I've recently come across this proposal that wants to add a Y Combinator to the Standard Library, and after reading it, it seems extremely similar to what I am doing here.

不幸的是， Y Combinator仍然没有点击我 - 我缺少的东西，我不能可视化如何推广我对任何函数的 self 参数做了，避免 step 样板。

Unfortunately, the concept of the Y Combinator still doesn't "click" for me - I am missing something and I cannot visualize how to generalize what I did with the self parameter for any function, avoiding the step boilerplate.

我读过这个优秀的StackOverflow答案，但它仍然没有点击我。

I've read this excellent StackOverflow answer regarding the matter, but it still didn't "click" for me.

（从该答案）递归因子定义如下：

fact =
  (recurs) =>
    (x) =>
      x == 0 ? 1 : x * recurs(x - 1);

recurs 参数似乎有相同的角色作为我的 self 参数。我不明白是如何调用而不是再次将重复插入自身。

The recurs parameter seems to have the same role as my self parameter. What I do not understand is how recurs is called without passing recurs into itself again.

我必须像这样调用 self ： self（self）（params ...）。

I have to call self like this: self(self)(params...).

recurs ，但是被称为 recurs（params ...） code>。

recurs, however, is called like recurs(params...).

尝试调用 self（params ...）会导致编译器错误me self 只需要一个参数（ auto self lambda参数） 。

Attempting to call self(params...) results in a compiler error informing me that self requires only a single parameter (which is the auto self lambda parameter).

我在这里缺少什么？我如何重写我的 fold_l_impl lambda这样一种方式，它的递归可以通过使用Y Combinator一般化？

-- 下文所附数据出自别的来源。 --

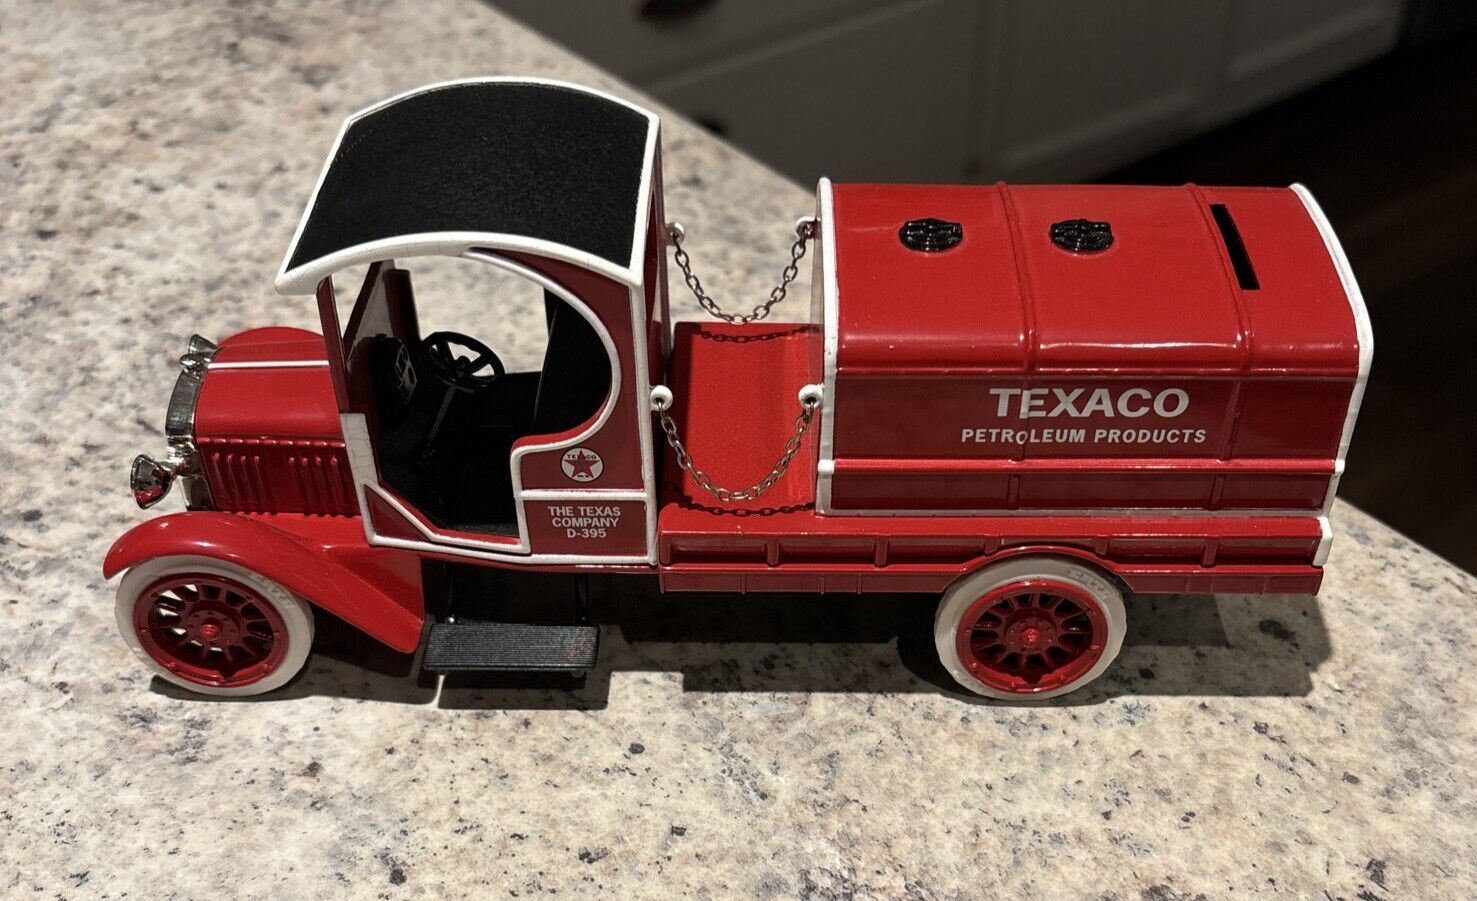 Texaco Petroleum Products Red Tanker Trunk D-395 ERTL Collectibles Die Cast 
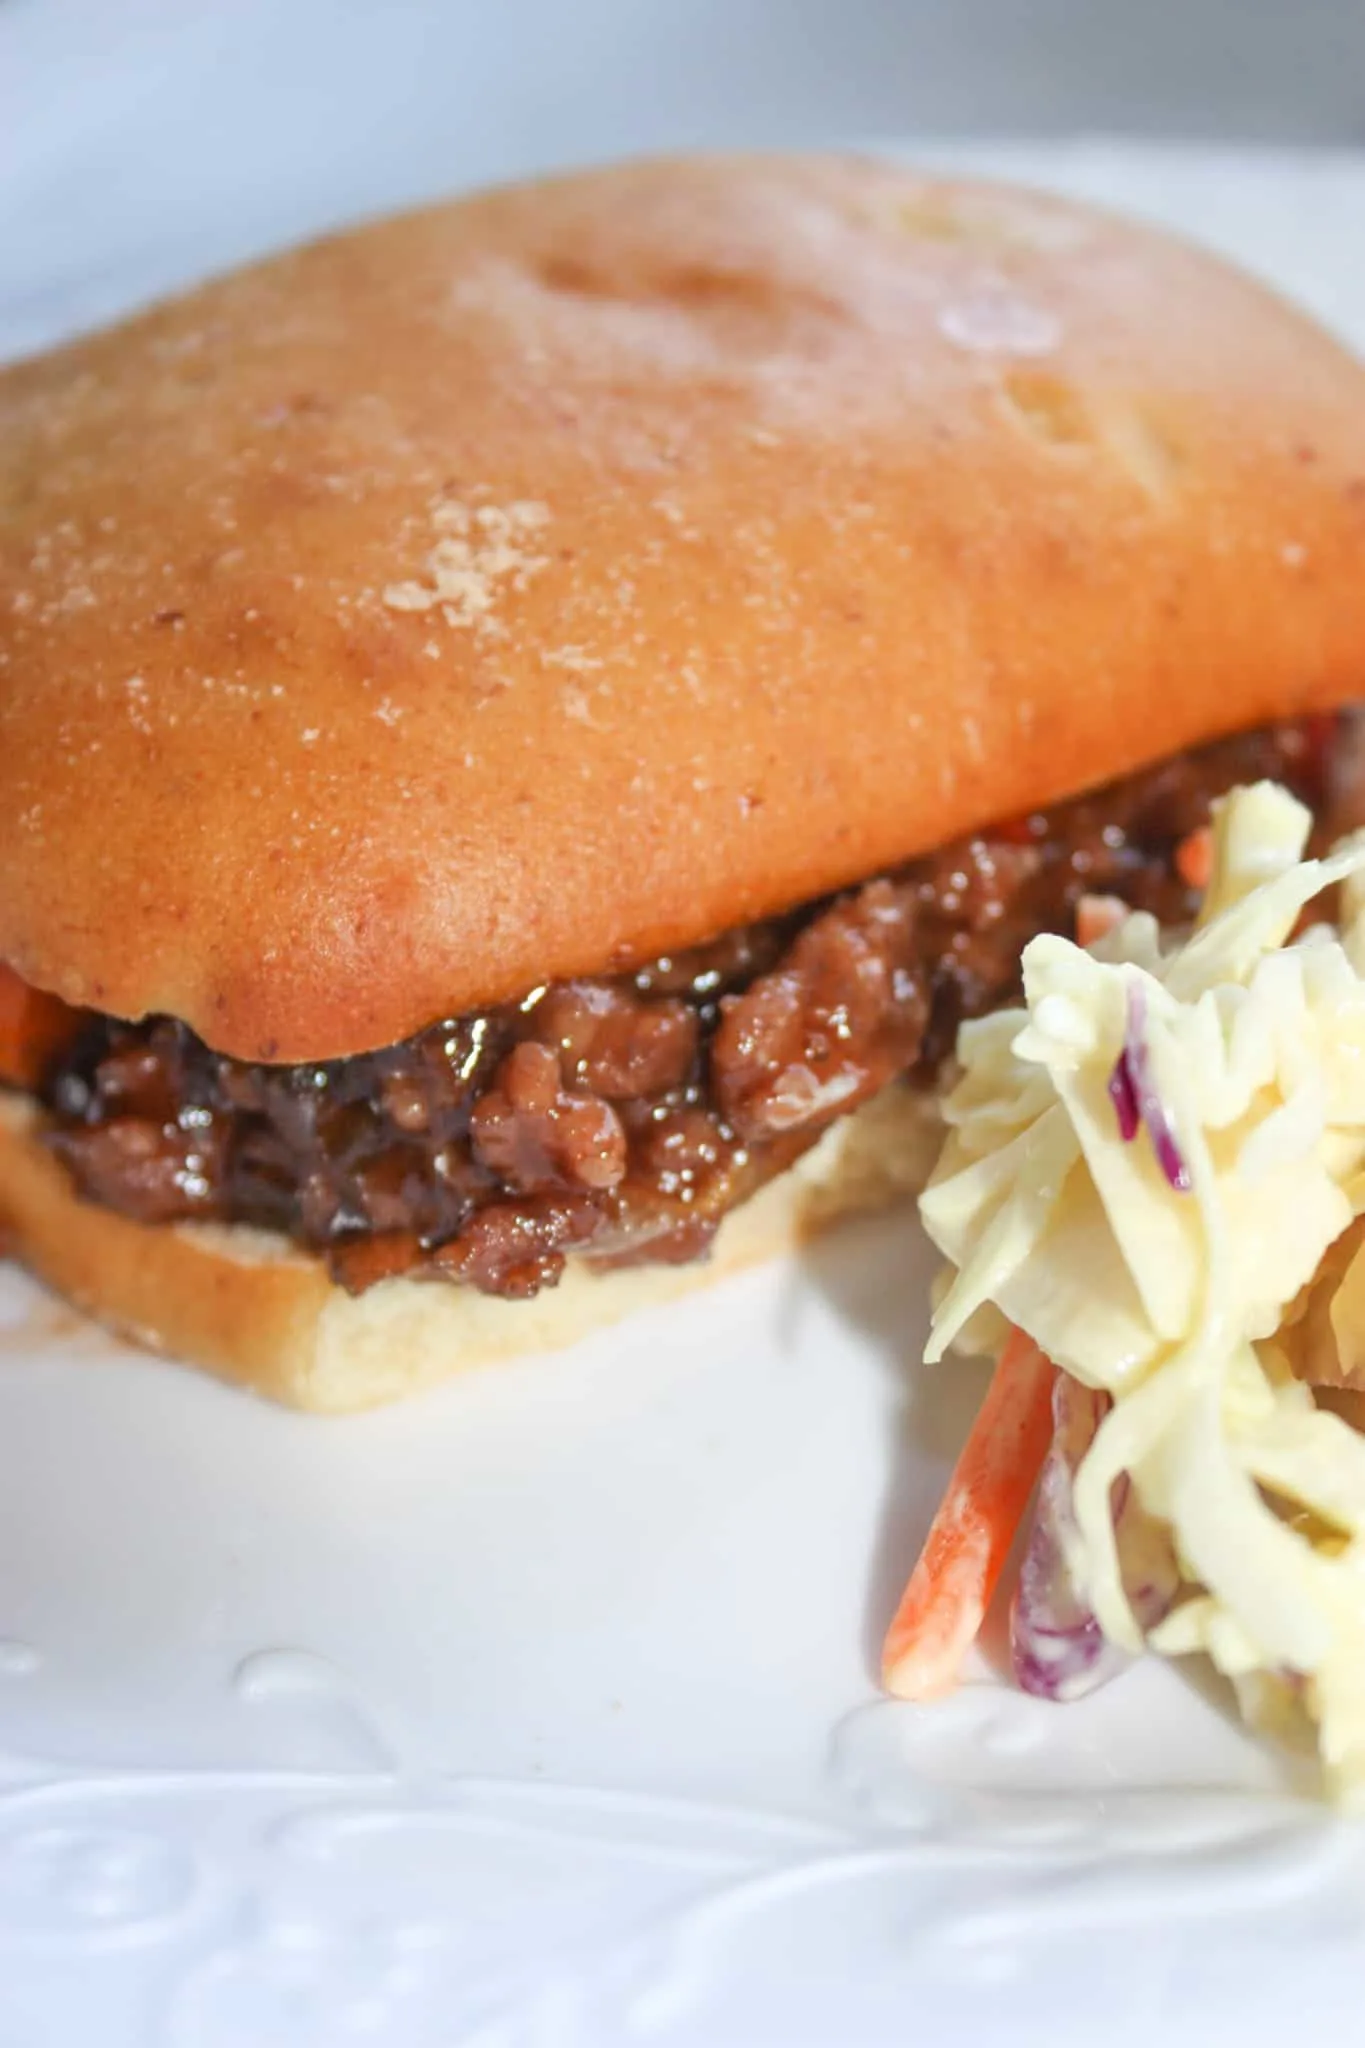 Sloppy Joes are a family favourite.  This time I mixed it up a bit by adding in some extras.  This skillet recipe is loaded with ground beef, vegetables and flavours.  Served on a toasted gluten free bun this well known dinner choice really hit the spot!

What am I missing here? How could I rewrite my fold_l_impl lambda in such a way that its recursion could be generalized through the use of a Y Combinator?

推荐答案

这里是ay组合，其中lambda传递的递归，不需要传递递归：

Here is a y combinate where the lambda is passed a recurs that doesn't need to be passed recurs:

template<class F>
struct y_combinate_t {
  F f;
  template<class...Args>
  decltype(auto) operator()(Args&&...args)const {
    return f(*this, std::forward<Args>(args)...);
  }
};
template<class F>
y_combinate_t<std::decay_t<F>> y_combinate( F&& f ) {
  return {std::forward<F>(f)};
};

那么你可以：

  return y_combinate(step)(acc, xs...);

并更改

                   return self(self)(next, y_xs...);

到

                   return self(next, y_xs...);

这里的技巧是我使用非lambda函数对象，它可以访问自己的 this ，它传递给 f 作为其第一个参数。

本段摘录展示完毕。